Securing yourself during Christmas (and the rest of the year)

Securing yourself during Christmas (and the rest of the year)

We are always at risk of being hacked, but Christmas is the high season for malicious actors looking to take advantage of people. I've taken steps to secure myself to the best of my ability and I'll now share some of them with you.

Password manager and MFA

I've been using the 1password password manager for the past 7 years and can tell you it's quite intuitive and easy to use at this point. I share a family license with my wife, and we can share passwords in a shared vault and keep our own passwords in separate vaults. 1Password can generate passwords for you, keep track of leaked passwords and warn you if any of your own passwords has been detected in known leaks. If your passwords are weak, you will be advised to change them.

1Password makes you aware of your password strength

1Password is also able to keep track of multi-factor authentication and can set up and autofill codes for you, which is super helpful!

Securing my smart home

I'm an avid user of smart home devices and gadgets. You might have heard that IoT devices have terrible security and can be an entry point into your network. Some might think: "ahh, doesn't matter, there is nothing of interest on my WiFi". The issue, however, is if your computer, server, or even router is not properly secure - attackers can do substantial damage if they're able to compromise your devices.

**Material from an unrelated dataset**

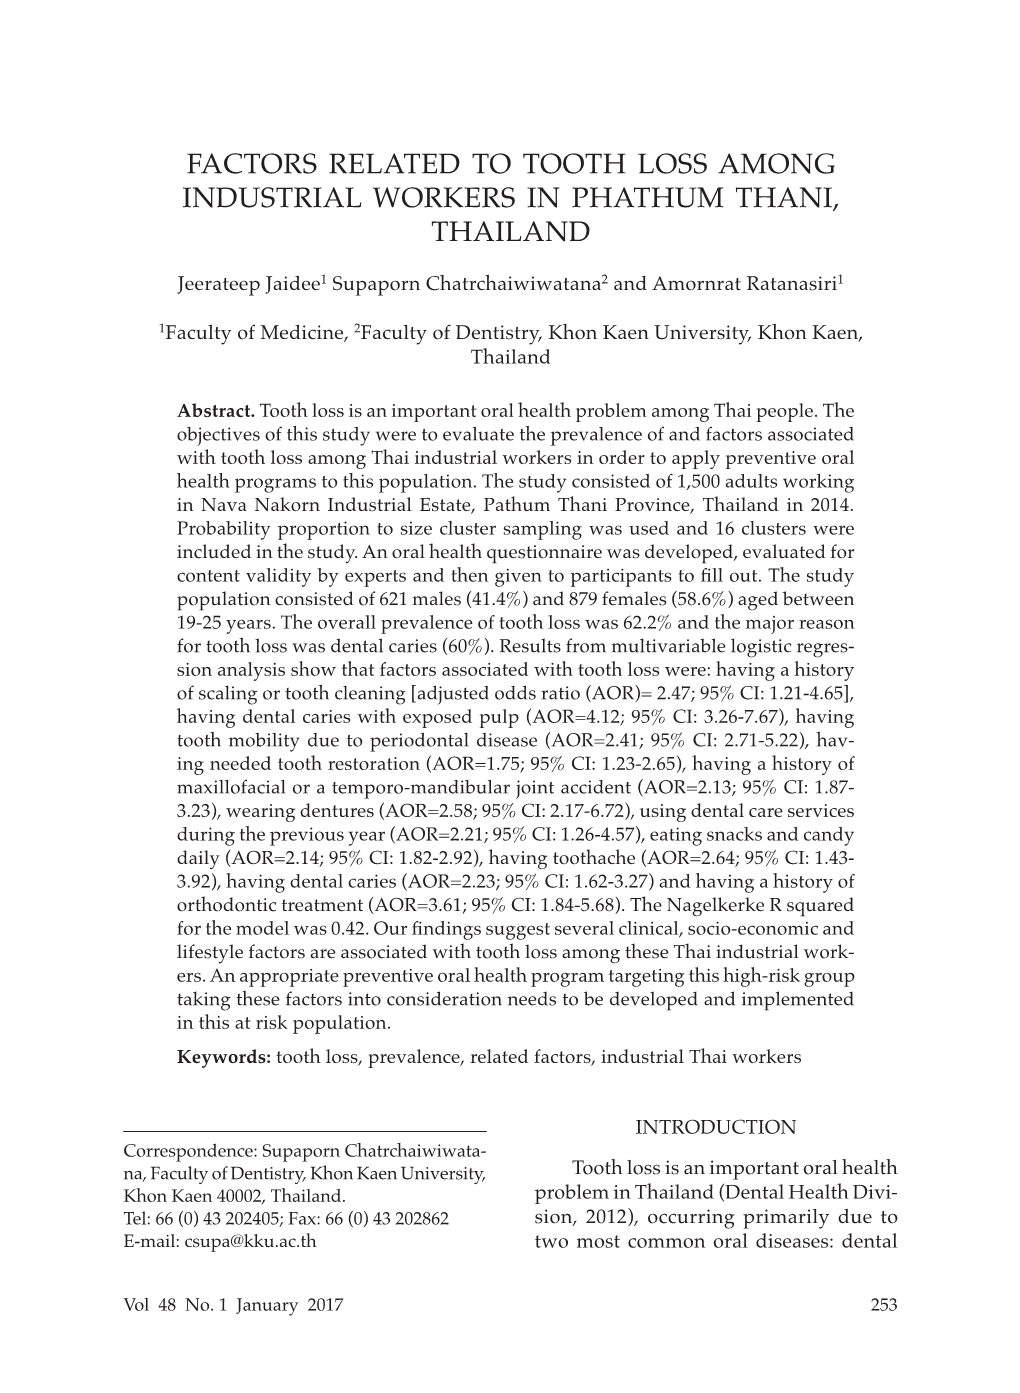 Factors Related to Tooth Loss Among Industrial Workers in Phathum Thani, Thailand

You can take several steps to secure your smart home, varying in complexity. If you're tech-savvy I'd recommend doing everything, if not, the more you can manage, the better.

1. Strong password on your WiFi network

Set a strong password on your WiFi. Ideally, something generated by your password manager. If you'd like a password that is easy to remember, use four or more random words like gale-micah-soggy-hemline (Do not use this).

Depending on your router, you can change your WiFi password in the router's app or by going to your router's webserver. Refer to the user manual.

2. Strong password on the router's administrator interface

Routers come with an administrator interface that can be used to administer router settings and networks. With newer routers, this is usually done with an app provided by the manufacturer, while older routers are managed via their webserver. Refer to the user manual if you're uncertain.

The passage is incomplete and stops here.